Within the last few months, I've read a plethora of articles and surveys about the various policies & regulations aimed at reducing dependence on Expats and how the local population is unhappy with the excess of Expats in their countries. Some of what I have read makes political and economic sense while the rest just smells of protectionism. Can these countries in the gulf truly be rid of expats considering they rely so much on them to do their cleaning, driving, cooking, banking, construction, IT and I could go on and on and on.

With this sentiment and the events related to the Arab spring, I was just wondering what your thoughts are on these changes. Do any of you think that there will be an impact either in the long run or immediate on opportunities in the region and compensation related to them?.


----------



## Roadworrier (Jul 3, 2012)

ExArab said:


> Hello Everyone.
> 
> Within the last few months, I've read a plethora of articles and surveys about the various policies & regulations aimed at reducing dependence on Expats and how the local population is unhappy with the excess of Expats in their countries. Some of what I have read makes political and economic sense while the rest just smells of protectionism. Can these countries in the gulf truly be rid of expats considering they rely so much on them to do their cleaning, driving, cooking, banking, construction, IT and I could go on and on and on.
> 
> With this sentiment and the events related to the Arab spring, I was just wondering what your thoughts are on these changes. Do any of you think that there will be an impact either in the long run or immediate on opportunities in the region and compensation related to them?.


I think the truth is in the demographics. When a city-state wants to grow to a 2 million plus population in 20 years and its native population is perhaps 150,000, it is highly unlikely (even if all the local families have 10 kids each) you will reach that goal with just a local population. And with the historic reliance on one demographic/set of ethnic groups to provide labor, cook, clean, serve, etc, and another demographic / set of ethnic groups to design, manage, engineer, etc, the expat population isn't going away anytime soon. Not when the rulers and locally-owned real estate/development moguls have built an enormous residential and retail infrastructure that specifically caters to these different expat groups. (i.e., how many locals do you see coming out of your typical apartment building in JBR, the Marina or Barsha??). Abu Dhabi is admittedly a different story (the expat housing is somewhat pushed to the fringes and there are many more locals and a stronger government sector to employ them).

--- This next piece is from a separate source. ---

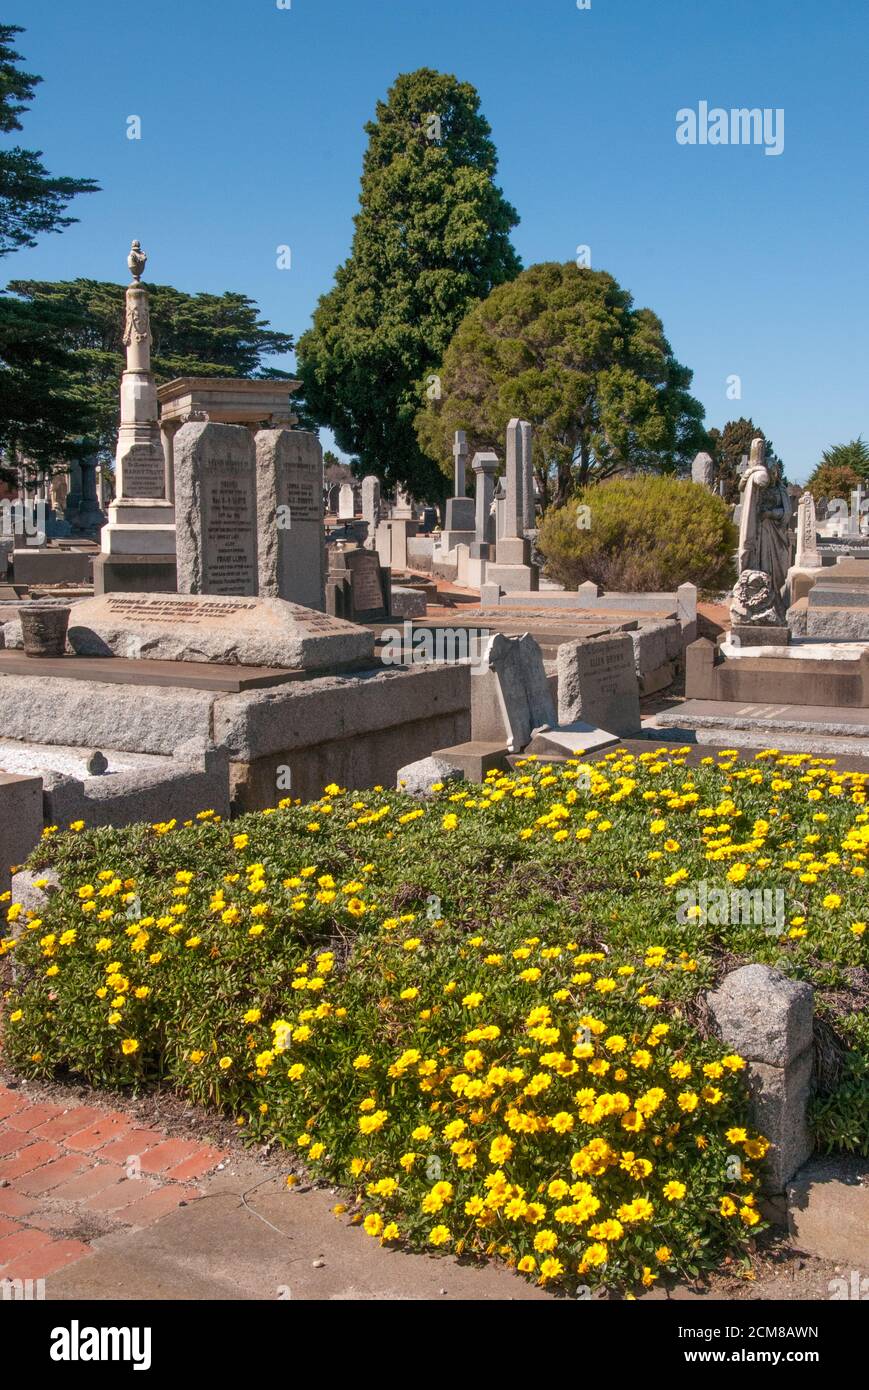 Fondato nel 1854, il cimitero generale di Brighton, in stile giardino, è uno dei cimiteri più antichi e significativi di Melbourne Foto Stock
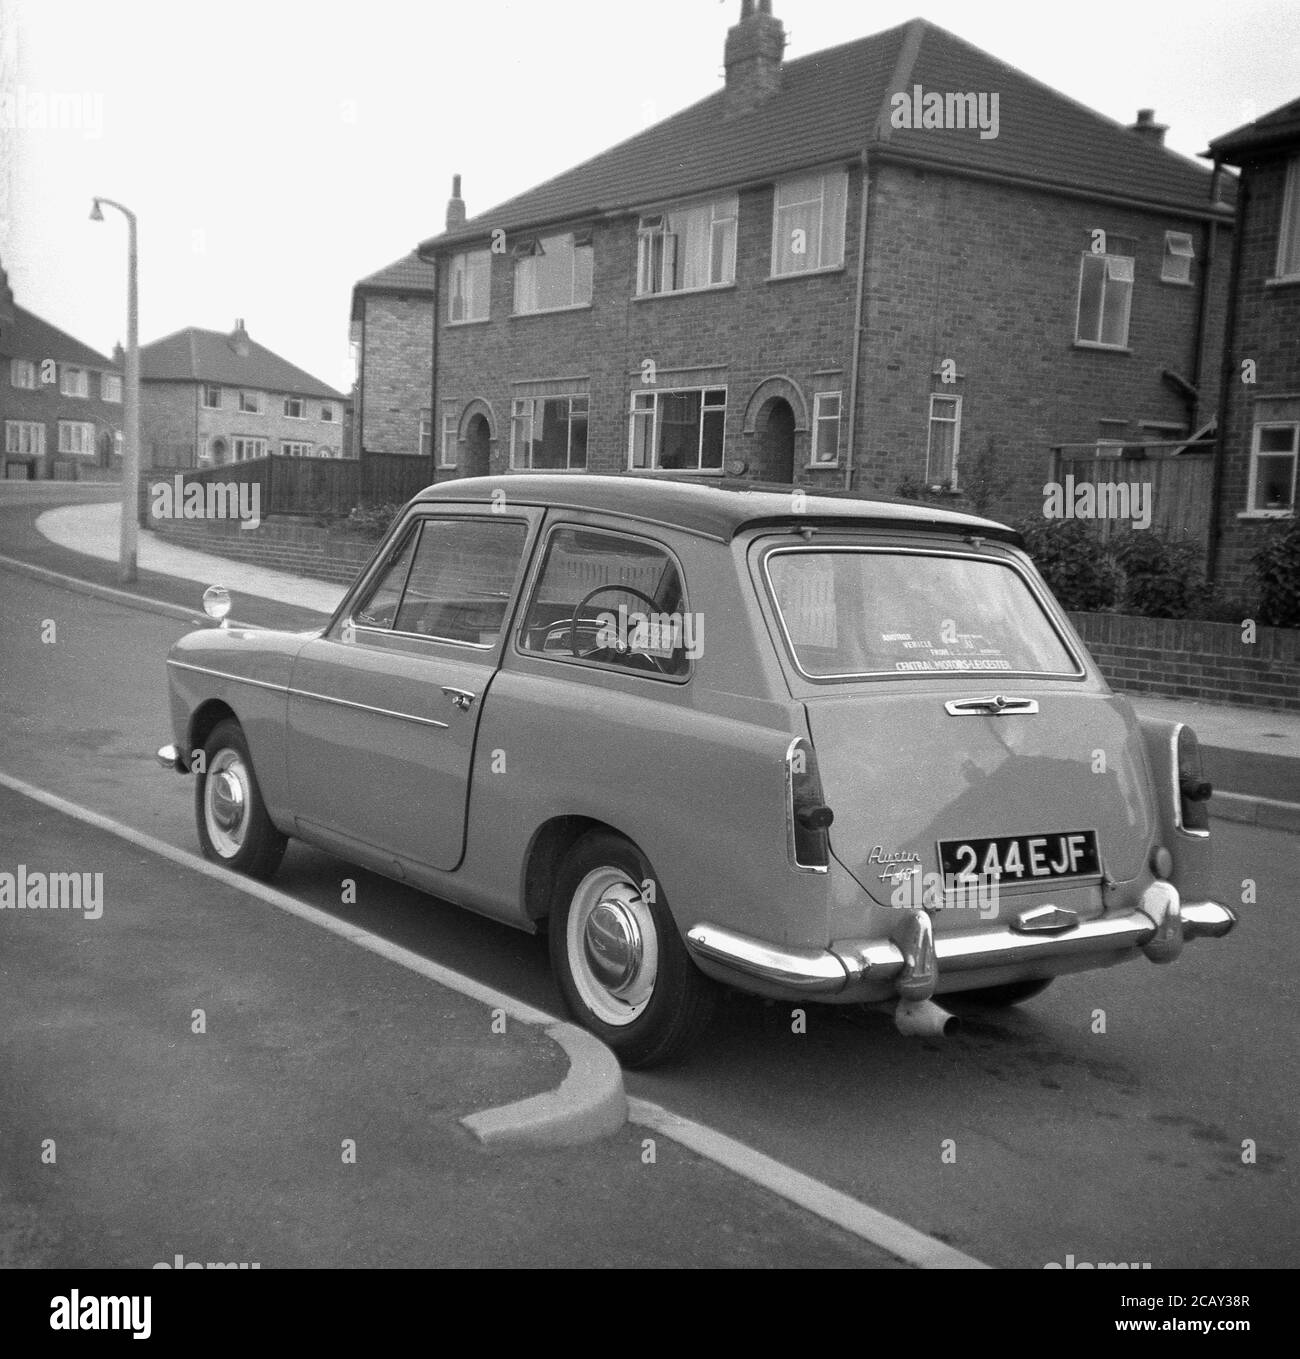 1960, historisch, ein Austin A40 Farina Auto geparkt in einer Straße auf einem neuen Wohngebiet, England, Großbritannien. Ein kleines, sparendes Auto, hergestellt von der britischen Motor Coporation (BMC) wurde es den Namen Austin A40 Farina, was das neue Design des italienischen 'Battista Farina Pinin Farina Turin Studio widerspiegelt. Das hier gezeigte Auto ist die Mark 1 Limousine, die zwischen 1958 und 1961 gebaut wurde. Stockfoto

So I think resentment of expats is somewhat disingenuous. Perhaps most likely it is the resentment of expats who think they should be as privileged as locals or who pretend they own the place. Truth is, Dubai without expats would still be a former pearl-diving village with clay houses, barasti-covered roofs, and a shallow, muddy, undredged "creek". Or it would look like the part of RAK near the Oman border where goats, donkeys and cows still walk down the road. :llama:


----------



## vantage (May 10, 2012)

all of the wealthy locals buying multiple apartments / floors in all the new Emaar releases are relying on non-Emiratis to rent them and pay them lots of money........


----------